President Orlean (Meryl Streep)—facing a tough fight over a Supreme Court nominee who is apparently a former porn actor—first stonewalls the trio for a whole day, then decides just to sit on the issue.  She can’t take it up.  After absorbing this mind-blowing reaction, the three confederates—Mindy, Dibiasky, and Oglethorpe—go to the media.  They get on the top morning show, where the power couple is a genial African American man named Jack Bremmer (Tyler Perry), and his smart, sophisticated, very white co-host, Brie Evantee (Cate Blanchett).  Their thing is keeping things lite and entertaining; a rock star will precede our friends in their segment (and make up with her straying boyfriend on camera.  He actually proposes on a Zoom call).  Dr. Mindy is hyperventilating before he goes on, but acquits himself well, pretty much by sitting there and looking good.  Dibiasky, however, finally loses it on screen, dropping some f-bombs and giving the world the straight truth.  Telling the truth doesn’t work for morning TV.  Brie takes a shine to Dr. Mindy, practically starting an affair right on screen.  He soon becomes a media star (because of his good looks!).

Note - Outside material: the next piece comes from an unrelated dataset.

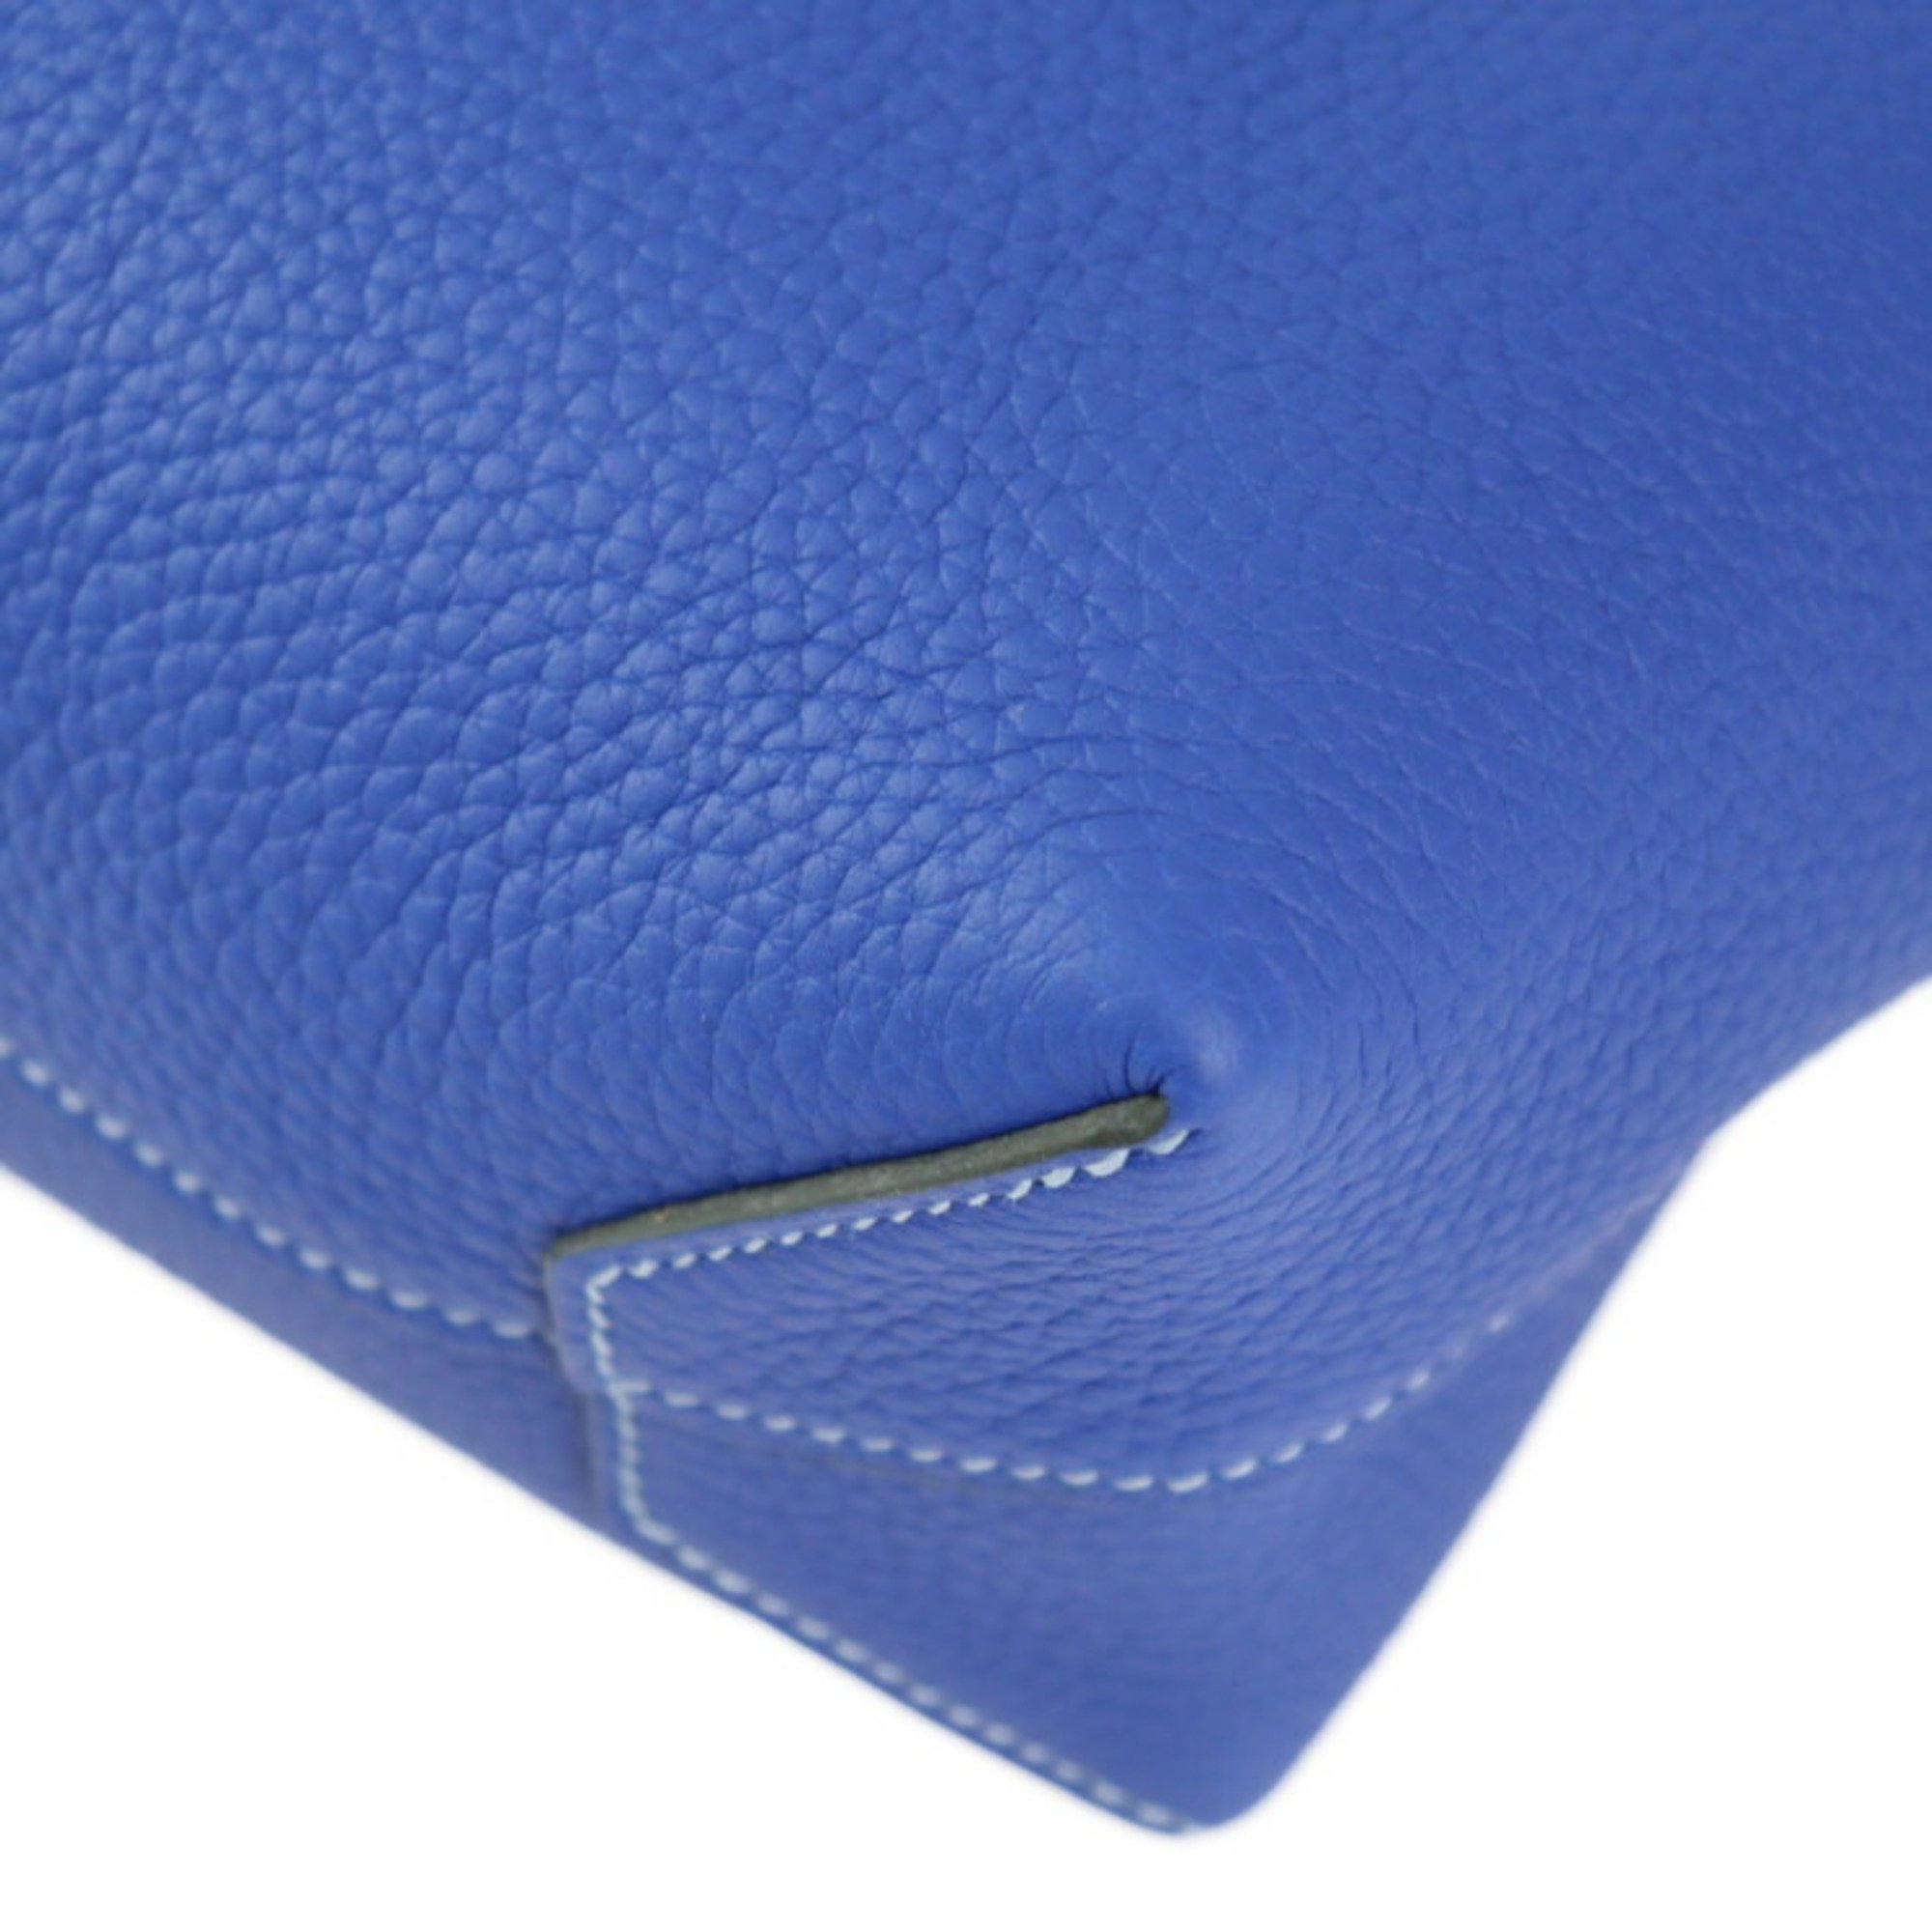 HERMES Cabasserie 31 Tote Bag Taurillon Clemence Royal Blue Mint Shoulder Z engraved

The President in the meantime has checked with some Ivy League professors and decides this is a serious situation, that they need to nuke the asteroid, but make the whole thing into a media event.  They get a profane and obscene former astronaut to go up and make the hit (you always need a hero).  He actually launches and is on his way, when a heavy donor to the Republican party—a phone mogul named Peter Isherwell (Mark Rylance, in the most brilliant comedic role in the whole movie; you will never meet a weirder character than Peter Isherwell)—decides there’s a way to do this so they can make a profit.  The mission is aborted.

I could go on.  I could recite the plot of the entire movie.  It sounds like a ridiculously absurd comic spoof, but it isn’t.  It’s our historical moment writ large.  This hurtling asteroid is climate change, or it’s the pandemic, or it’s any number of other things, where intelligent human beings could get together and see what needs to be done, but unfortunately that can’t happen.  It turns into a political football, where some people believe it, and some don’t (the President eventually decides those are the people she wants to appeal to.  Their motto: Don’t Look Up).  The issue is all over social media in a world where every nit wit must be allowed to have his opinion, even if he thinks that Down is Up.  You might as well laugh as you watch this; you might as well scream with laughter.  Otherwise you’ll just be screaming.

To his credit, McKay doesn’t stop short of the full catastrophe: there’s a wonderful Last Supper scene where our heroes—and an unlikely crew they are—are resigned to their fate.  We see a variety of people around the world preparing for their imminent demise, and it’s oddly moving.  (It also has it’s absurd moments.  Our profane astronaut friend takes out his six shooters and tries so shoot the asterioid, the moral equivalent of Slim Pickens riding the nuke off into eternity).  The movies last words belong to the President’s son Jason (Jonah Hill), and they’re perfect: “What’ up, y’all? I’m the last man on Earth. Shit’s all fucked up. Don’t forget to like and subscribe. We out here.”

Have you noticed that this is one of the great casts in movie history?  I haven’t even mentioned everybody.  The acting is great, as is the direction, the writing, everything.  The writers let it all out in the method of the great comic writers of the late SixtiesTerry Southern is applauding from his grave.  You should no longer be reading this piece; you should long since have signed up for Netflix and started watching this movie.  It will cheer you up or drive you out of your mind, make you into an activist, something.